И дело не только в конкретных людях, с которыми жизнь меня в той или иной степени сталкивает, а и в том, кто там где-то командует на разных уровнях, чем-то при этом руководствуясь. В то время я был абсолютно чужд политике. Апломбное высказывание Остапа Бендера о том, что девушки любят длинноногих и политически грамотных, я воспринимал несерьёзно, — видимо мне было достаточно моих длинных ног.
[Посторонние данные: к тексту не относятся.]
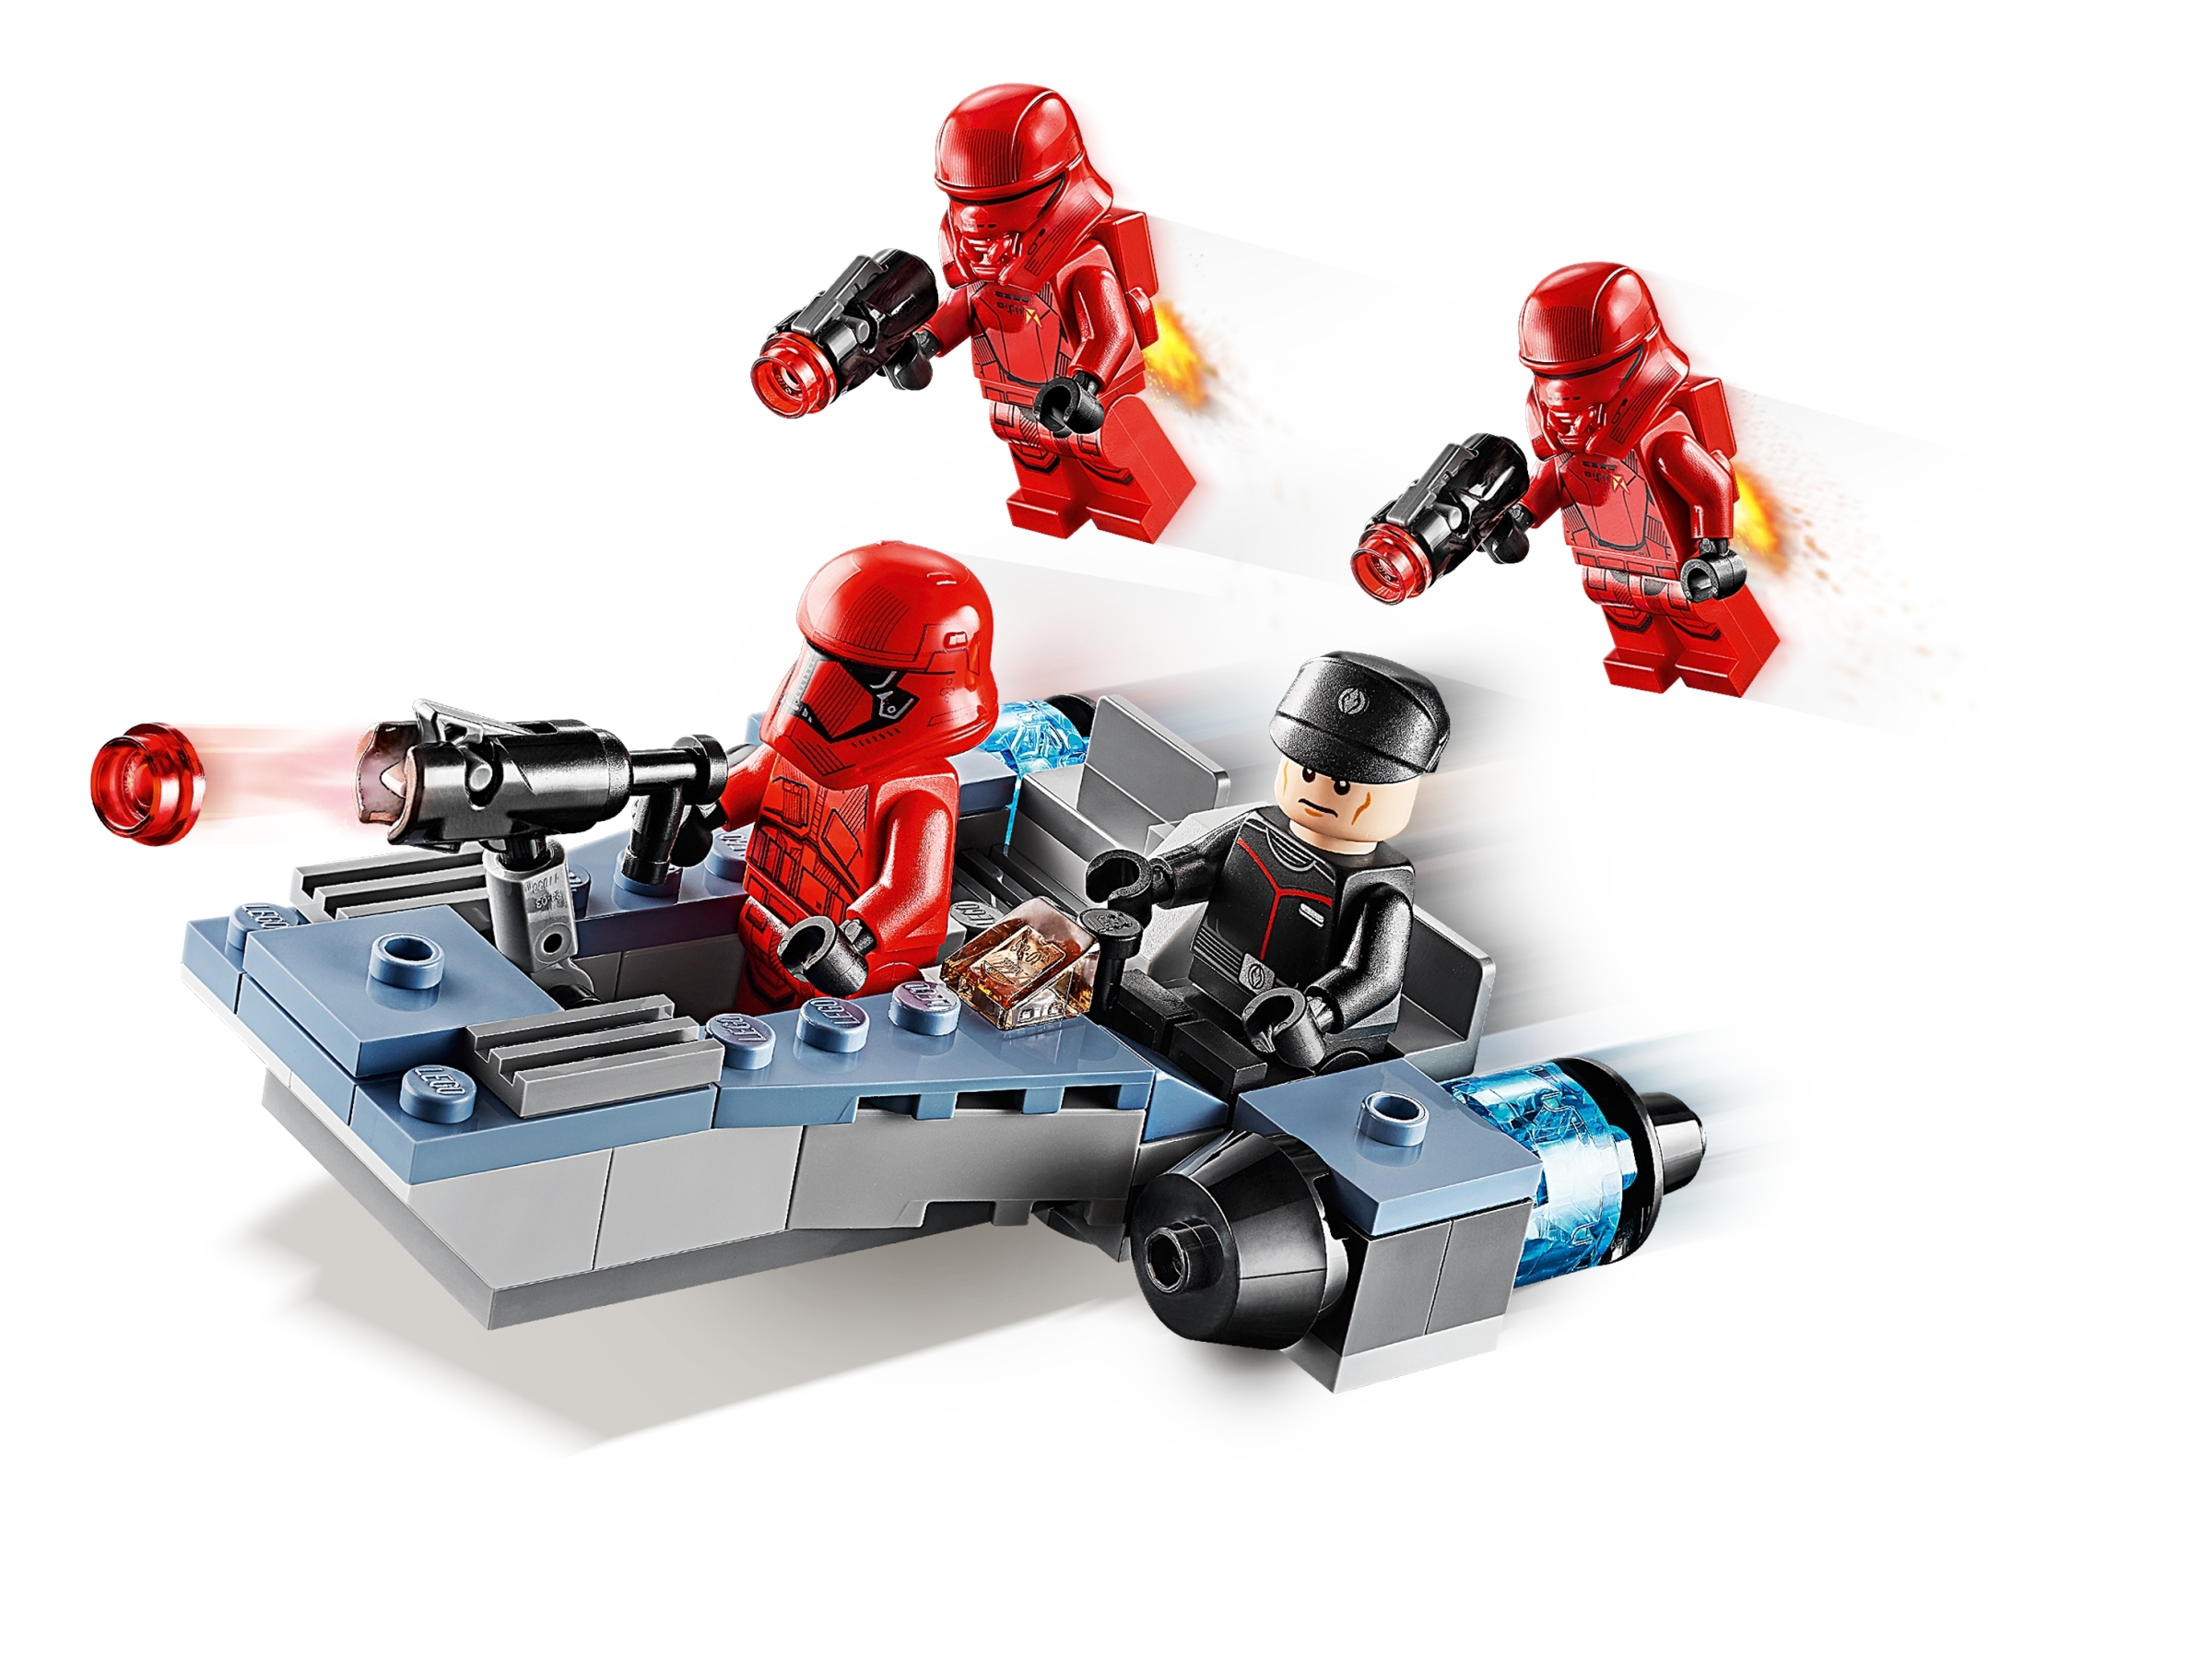 NUOVO COSTRUZIONI LEGO Minifigura JET Sith Trooper SW1075 da Star Wars Set 75266 2020 
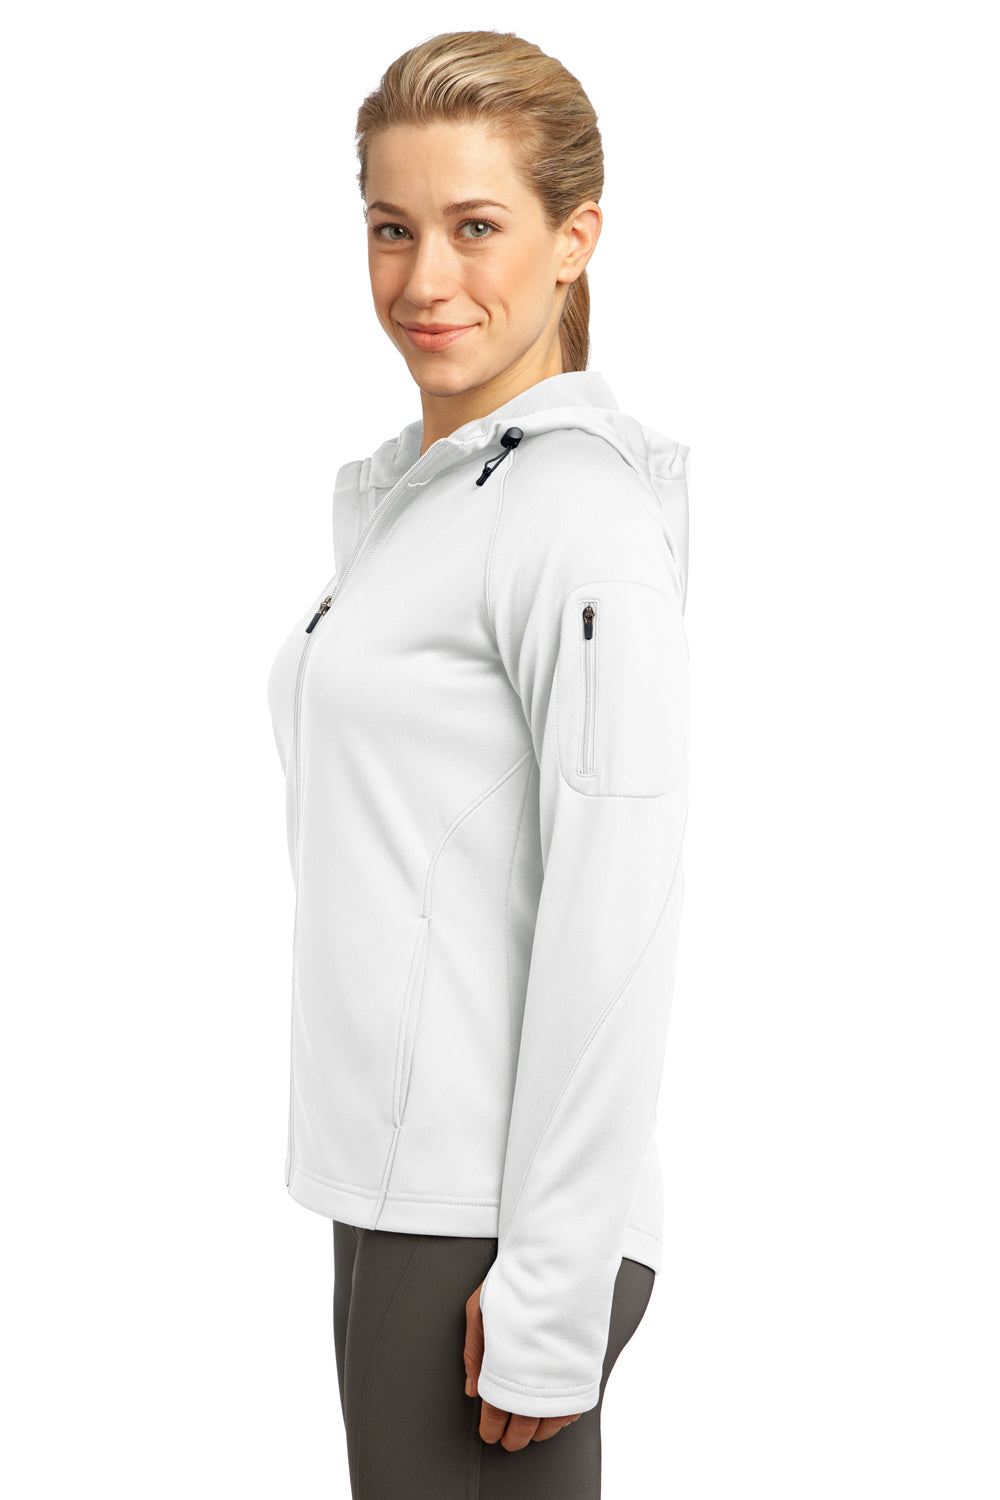 Sport-Tek L248 Womens Tech Moisture Wicking Fleece Full Zip Hooded Sweatshirt Hoodie White Side

Однако, я посмотрел (и даже прочитал потом) «Собачье сердце», видел фильмы про Вторую мировую войну и прочитал «1984» Оруэлла. Я понимал, что война и «Собачье сердце» — уже далёкая история, а «1984» — гротеск. Но и тут у меня были «почему». Почему встал проклятый завод (из-за чего папу повалил этот депрессняк)? И почему встала просцовская фабрика, вследствие чего, наверное, почти половина населения посёлка спилась если не до смерти, то уж явно до деградации? Почему за работу на две ставки мне платят копейки и вселяют меня, казалось бы, нужного этой деревне доктора, в аварийный дом с разбитыми окнами и мириадом мух? Почему мама, мотаясь в командировки в Москву в 80-х, привозила оттуда разные вкусности и интересности, а в К… крайне редко можно было найти что-нибудь вкусное и интересное? Почему в каком-нибудь реальном 1984-м, в К…, мне приходилось едва ли не буквально охотиться за молоком, мечась в треугольнике из трёх пустынных магазинов, гадая, а завезут ли вообще сегодня в один из них это треклятое молоко?..
Так или иначе, я давно поставил для себя крест на этом мире как на источнике понимания, надежды и упования. Я не верил и в то, что кто бы то ни было, хоть бы и Бог, мог изменить его к лучшему.
На «Стене» пинкфлойдов была песенка «Goodbye Cruel World». Когда я начал продумывать свою первую книгу, у меня вообще крутилась в голове эта «Стена», — даже имя главного героя я выдумал из какого-то звукосочетания оттуда. А тема была такая: герой по велению некоего рока вынужден ежедневно пересекать черту, разделяющую волшебный мир, населенный его весёлыми, добрыми, сочувствующими друзьями, и «городом», местом, по самое горло напичканном всей этой гадостью (равнодушием, черствостью и прочим); там он пытается вынуть из этого города главную героиню; но героиня, понятно, в целом к городу уже прикипела. «Хороший» мир в книге был, пожалуй, прототипом определенных моих дружеских институтских отношений, но лишь отчасти. Он все-таки был чрезмерно гротескным и наполненным хоть и доброй, но грустью (возможно, моей грустью по явной утопичности всего этого). Помню, влюблённая в меня Соня по прозвищу «Перекладина», прочитав мою эту книгу, с пристрастием тормошила Вестницкого (он был её одногруппником): что же такое этот «город»? Вестницкий говорил ей: отстань! ибо сам понятия не имел. Возможно, и Соня и Тимофей были далеки от осознания, что этот мир плох, и, живя в этом «городе» и вполне к нему адаптировавшись, плавали в нём, как рыбы в воде, каждый по-своему.
Интересно, что однажды вся эта канва моей первой книги довольно выразительно реализовалась в одном эпизоде наших с Алиной ранних романтических отношений. В начале лета мы гуляли по нашему лесу и как-то в тот раз ушли прямо-прямо, далеко, куда-то к М… Мы заигрались-замечтались про вот выйдем на опушку из нашего леса, а город совсем другой, «наш город», уютный, миролюбивый, красивый, благоухающий. И мы начали как-то эту нашу фантазию расписывать, украшать. И правда вышли.